In this article you'll learn how to read data in multiple formats, transform it using PySpark and SQL, and write results back to storage. These are the operations you'll use every single day as a data engineer.

What is a DataFrame in Spark?

A DataFrame is Spark's primary data structure — a distributed table with named columns and a defined schema.

If you've used Pandas, the concept is familiar. But there are critical differences:

	Pandas DataFrame	Spark DataFrame
Where data lives	Single machine RAM	Distributed across cluster
Data size limit	Your machine's RAM	Practically unlimited
Execution	Immediate	Lazy (runs on action)
API	`pandas`	`pyspark.sql`
Best for	< 1GB, local work	GBs to PBs, distributed work

In Databricks, every DataFrame is backed by Spark. When you call spark.read..., you get a Spark DataFrame — not a Pandas one.

💡 You can convert between them: pandas_df = spark_df.toPandas() — but be careful. This pulls all data to the driver node. Only do this on small datasets.

Reading Data

Reading CSV

# Basic read
df = spark.read.csv("/mnt/raw/sales.csv", header=True, inferSchema=True)

# Better: explicit schema (faster, safer)
from pyspark.sql.types import StructType, StructField, StringType, IntegerType, DoubleType, DateType

schema = StructType([
    StructField("order_id",    IntegerType(), True),
    StructField("customer_id", IntegerType(), True),
    StructField("product",     StringType(),  True),
    StructField("amount",      DoubleType(),  True),
    StructField("order_date",  DateType(),    True),
    StructField("region",      StringType(),  True)
])

df = spark.read.csv("/mnt/raw/sales.csv", schema=schema, header=True)
df.printSchema()
df.show(5)

Reading JSON

df = spark.read.json("/mnt/raw/events/")

# For nested JSON, Spark auto-infers the structure
df.printSchema()

# Access nested fields using dot notation
df.select("user.id", "user.email", "event_type").show()

Reading Parquet

# Parquet preserves schema — no need to define it
df = spark.read.parquet("/mnt/processed/transactions/")

# Read a partitioned dataset — Spark reads only relevant partitions
df = spark.read.parquet("/mnt/processed/sales/") \
    .filter("year = 2024 AND month = 1")

Reading Delta Tables

# By path
df = spark.read.format("delta").load("/mnt/processed/sales/")

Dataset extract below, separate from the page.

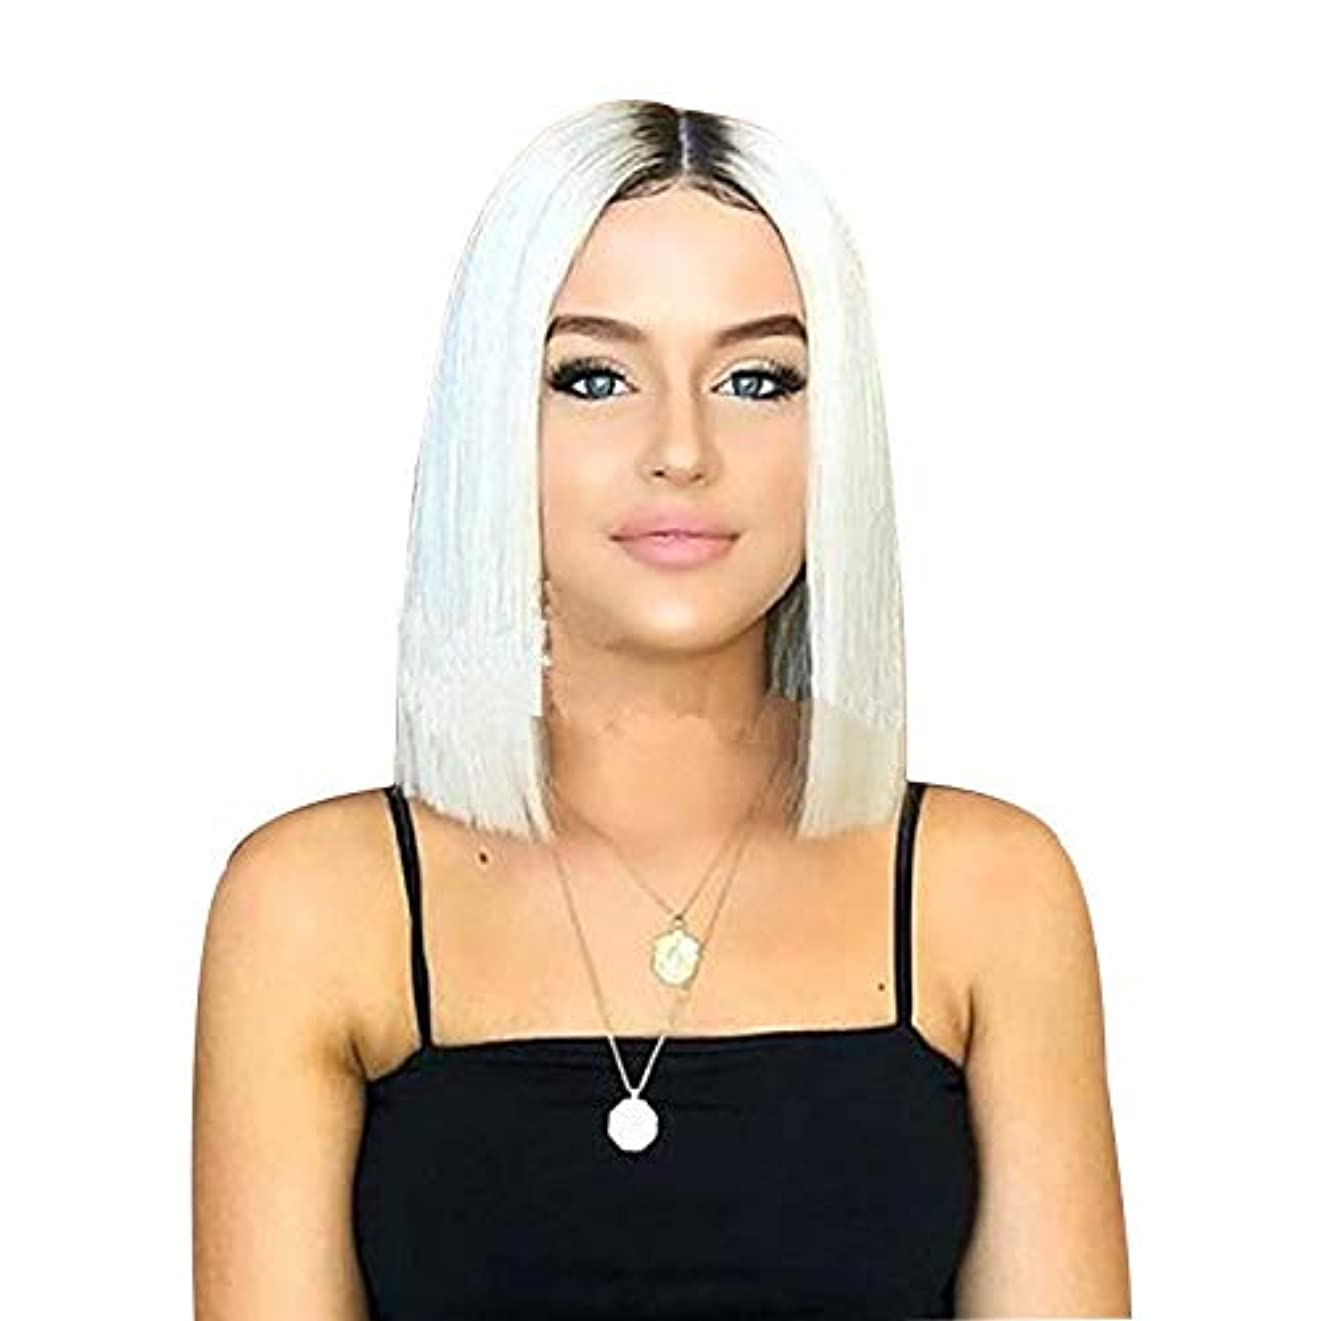 未接続によってたくさんのWASAIO 女性の短いボブウィッグストレートヘアホワイトダークロングヘア30cm (色 : ホワイト)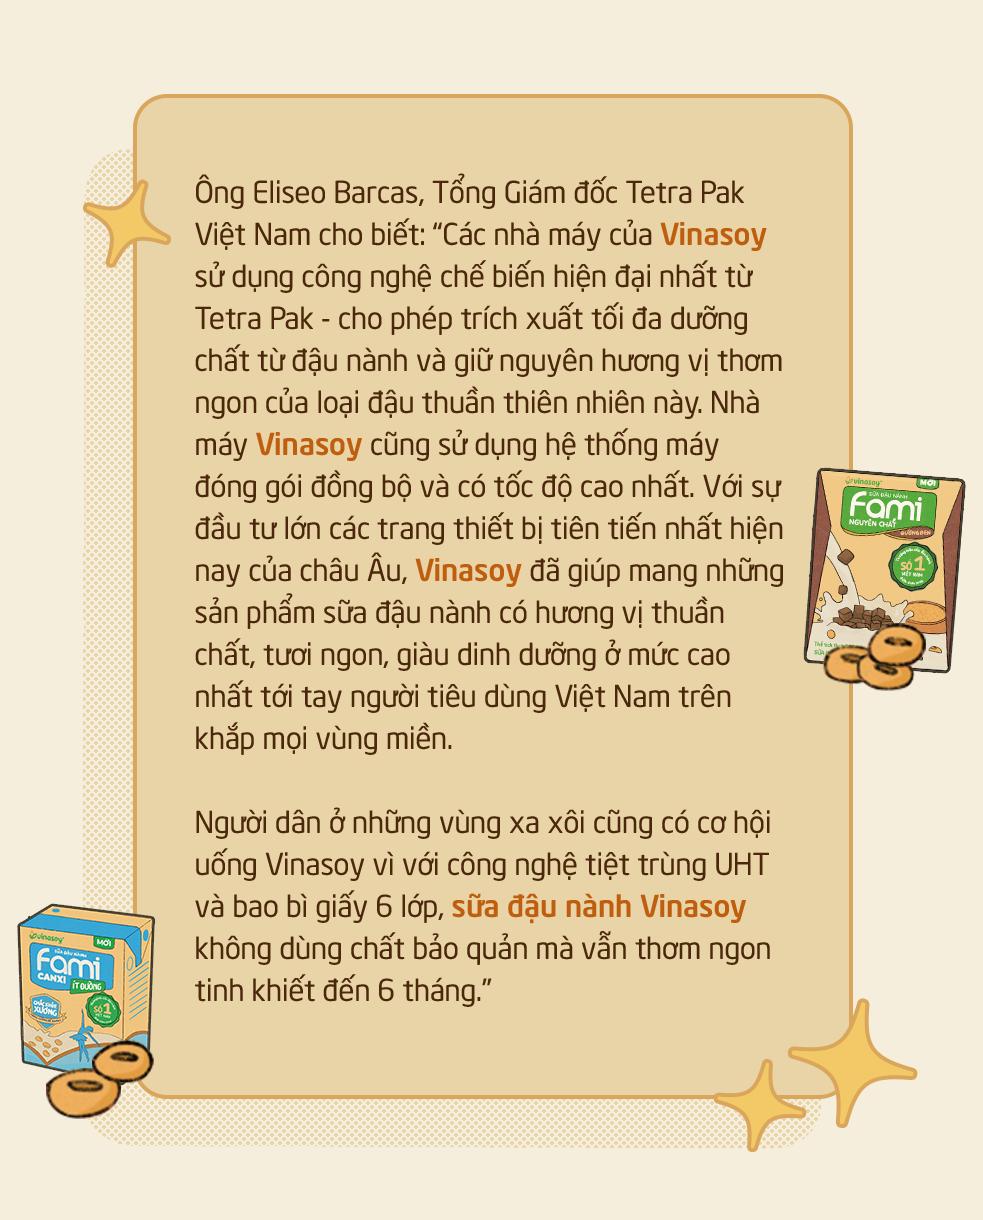 Hạt vàng đậu nành và những giá trị theo cùng sức khỏe người Việt - Ảnh 10.

# By table name (if registered in the catalog)
df = spark.read.table("sales_silver")

Common DataFrame Transformations

select — Choose Columns

# Select specific columns
df.select("order_id", "product", "amount").show()

# Rename on the fly
from pyspark.sql.functions import col

df.select(
    col("order_id").alias("id"),
    col("amount").alias("revenue"),
    col("order_date").alias("date")
).show()

filter / where — Filter Rows

# Filter with column expression
df.filter(col("amount") > 1000).show()

# Filter with SQL string (often cleaner)
df.filter("amount > 1000 AND region = 'North'").show()

# .where() is an alias for .filter()
df.where("region = 'South'").show()

# Multiple conditions
df.filter((col("amount") > 500) & (col("region").isin(["North", "South"]))).show()

withColumn — Add or Modify Columns

from pyspark.sql.functions import col, upper, round, when, lit

# Add a new column
df = df.withColumn("amount_eur", col("amount") * 0.92)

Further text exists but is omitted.